Snapshot mem_begin before entering the loop.  For the mean value to
be solid, you need at least 20-30 samples, which might mean upping the
default for kfree_loops.  Have an "unsigned long long" to accumulate the
sum, which should avoid any possibility of overflow for current systems
and for all systems for kfree_loops less than PAGE_SIZE.  At which point,
forget the "%" stuff and just sum up the si_mem_available() on each pass
through the loop.

Do the division on exit from the loop, preferably checking for divide
by zero.

Straightforward, fast, reasonably reliable, and easy to defend.

							Thanx, Paul
Joel Fernandes Jan. 15, 2020, 10:45 p.m. UTC | #6
On Wed, Jan 15, 2020 at 02:42:51PM -0800, Paul E. McKenney wrote:
> > [snip]
> > > > We can certainly refine it further but at this time I am thinking of spending
> > > > my time reviewing Lai's patches and learning some other RCU things I need to
> > > > catch up on. If you hate this patch too much, we can also defer this patch
> > > > review for a bit and I can carry it in my tree for now as it is only a patch
> > > > to test code. But honestly, in its current form I am sort of happy with it.
> > > 
> > > OK, I will keep it as is for now and let's look again later on.  It is not
> > > in the bucket for the upcoming merge window in any case, so we do have
> > > quite a bit of time.
> > > 
> > > It is not that I hate it, but rather that I want to be able to give
> > > good answers to questions that might come up.  And given that I have
> > > occasionally given certain people a hard time about their statistics,
> > > it is only reasonable to expect them to return the favor.  I wouldn't
> > > want you to be caught in the crossfire.  ;-)
> > 
> > Since the weights were concerning, I was thinking of just using a weight of
> > (1 / N) where N is the number of samples. Essentially taking the average.
> > That could be simple enough and does not cause your concerns with weight
> > tuning. I tested it and looks good, I'll post it shortly.
> 
> YES!!!  ;-)
> 
> Snapshot mem_begin before entering the loop.  For the mean value to
> be solid, you need at least 20-30 samples, which might mean upping the
> default for kfree_loops.  Have an "unsigned long long" to accumulate the
> sum, which should avoid any possibility of overflow for current systems
> and for all systems for kfree_loops less than PAGE_SIZE.  At which point,
> forget the "%" stuff and just sum up the si_mem_available() on each pass
> through the loop.
> 
> Do the division on exit from the loop, preferably checking for divide
> by zero.
> 
> Straightforward, fast, reasonably reliable, and easy to defend.

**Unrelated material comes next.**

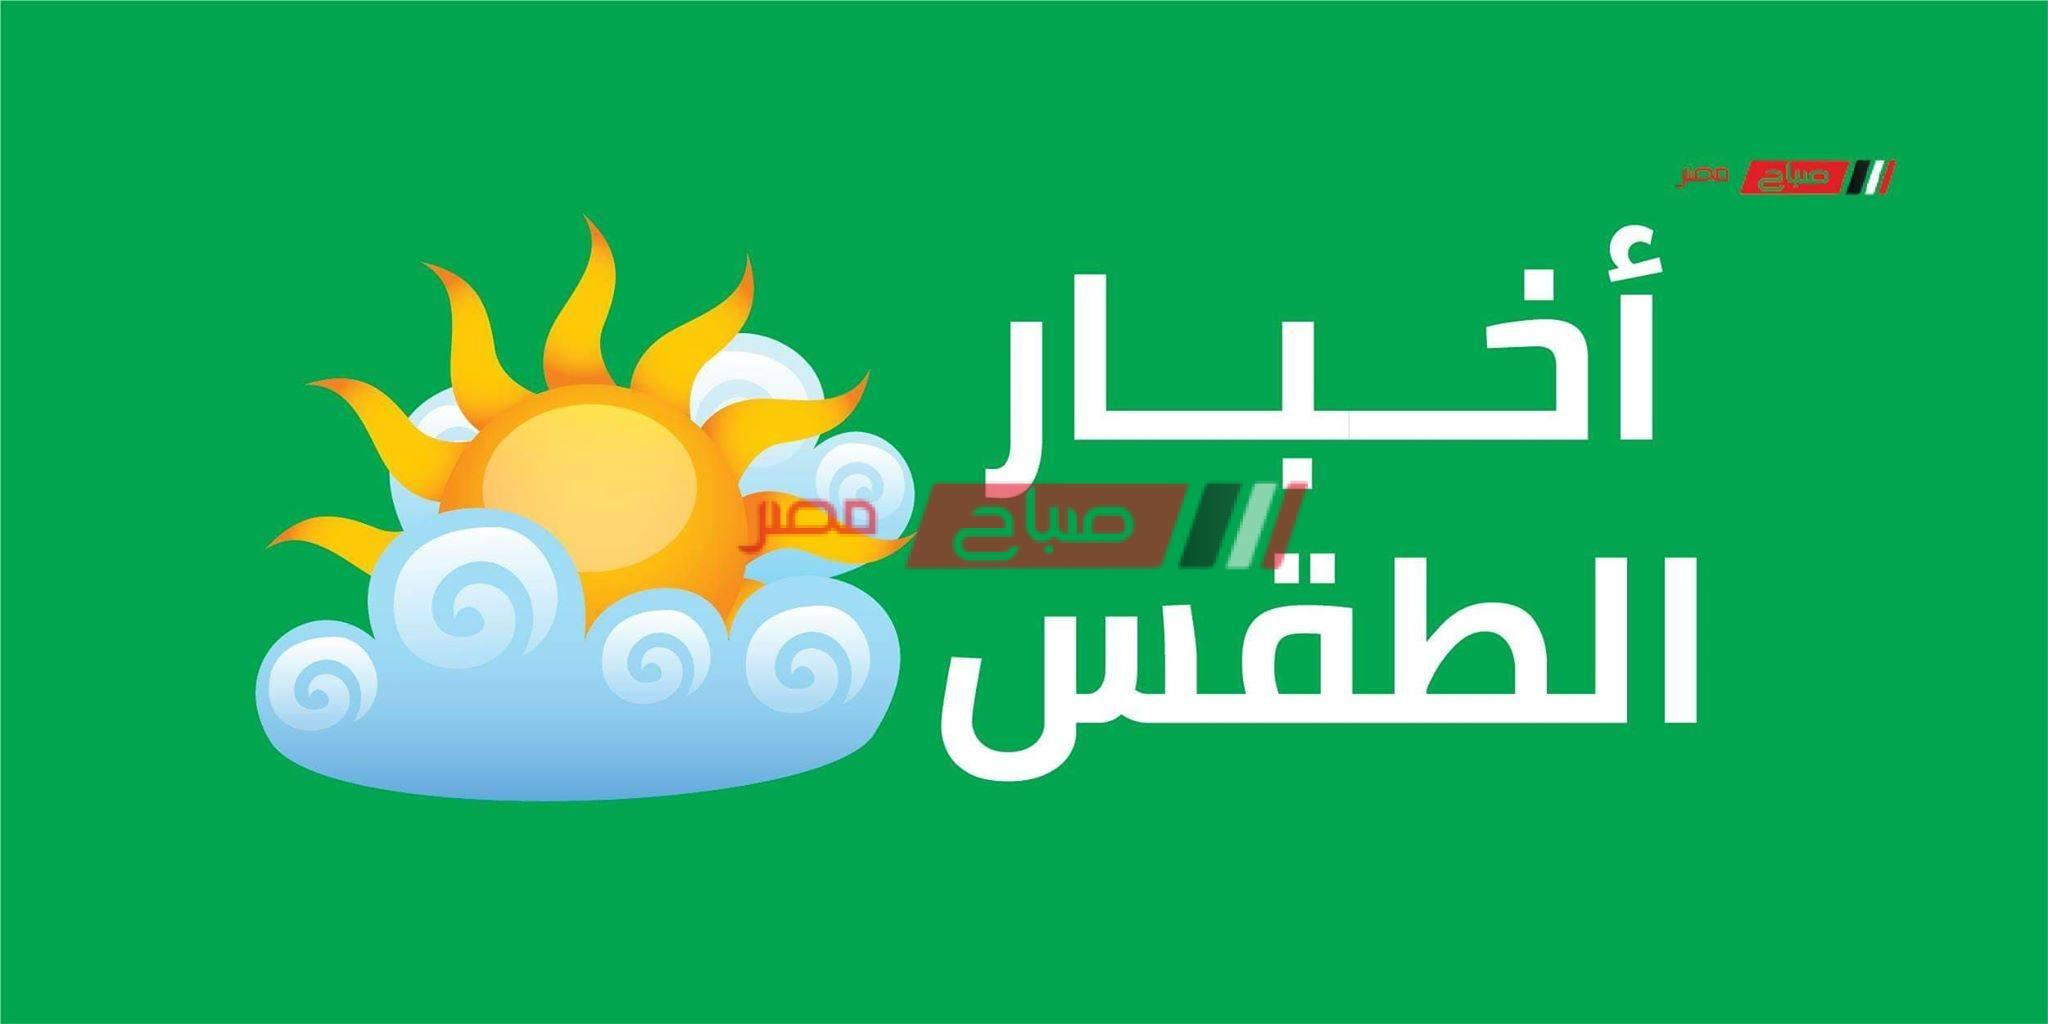 توقعات جديدة عن حالة طقس دمياط غداً الإثنين 25_5_2020 - موقع صباح مصر

I mostly did it along these lines. Hopefully the latest posting is reasonable
enough ;-) I sent it twice because I messed up the authorship (sorry).

thanks,

 - Joel
Paul E. McKenney Jan. 16, 2020, 12:01 a.m. UTC | #7
On Wed, Jan 15, 2020 at 05:45:42PM -0500, Joel Fernandes wrote:
> On Wed, Jan 15, 2020 at 02:42:51PM -0800, Paul E. McKenney wrote:
> > > [snip]
> > > > > We can certainly refine it further but at this time I am thinking of spending
> > > > > my time reviewing Lai's patches and learning some other RCU things I need to
> > > > > catch up on. If you hate this patch too much, we can also defer this patch
> > > > > review for a bit and I can carry it in my tree for now as it is only a patch
> > > > > to test code. But honestly, in its current form I am sort of happy with it.
> > > > 
> > > > OK, I will keep it as is for now and let's look again later on.  It is not
> > > > in the bucket for the upcoming merge window in any case, so we do have
> > > > quite a bit of time.
> > > > 
> > > > It is not that I hate it, but rather that I want to be able to give
> > > > good answers to questions that might come up.  And given that I have
> > > > occasionally given certain people a hard time about their statistics,
> > > > it is only reasonable to expect them to return the favor.  I wouldn't
> > > > want you to be caught in the crossfire.  ;-)
> > > 
> > > Since the weights were concerning, I was thinking of just using a weight of
> > > (1 / N) where N is the number of samples. Essentially taking the average.
> > > That could be simple enough and does not cause your concerns with weight
> > > tuning. I tested it and looks good, I'll post it shortly.
> > 
> > YES!!!  ;-)
> > 
> > Snapshot mem_begin before entering the loop.  For the mean value to
> > be solid, you need at least 20-30 samples, which might mean upping the
> > default for kfree_loops.  Have an "unsigned long long" to accumulate the
> > sum, which should avoid any possibility of overflow for current systems
> > and for all systems for kfree_loops less than PAGE_SIZE.  At which point,
> > forget the "%" stuff and just sum up the si_mem_available() on each pass
> > through the loop.
> > 
> > Do the division on exit from the loop, preferably checking for divide
> > by zero.
> > 
> > Straightforward, fast, reasonably reliable, and easy to defend.
> 
> I mostly did it along these lines. Hopefully the latest posting is reasonable
> enough ;-) I sent it twice because I messed up the authorship (sorry).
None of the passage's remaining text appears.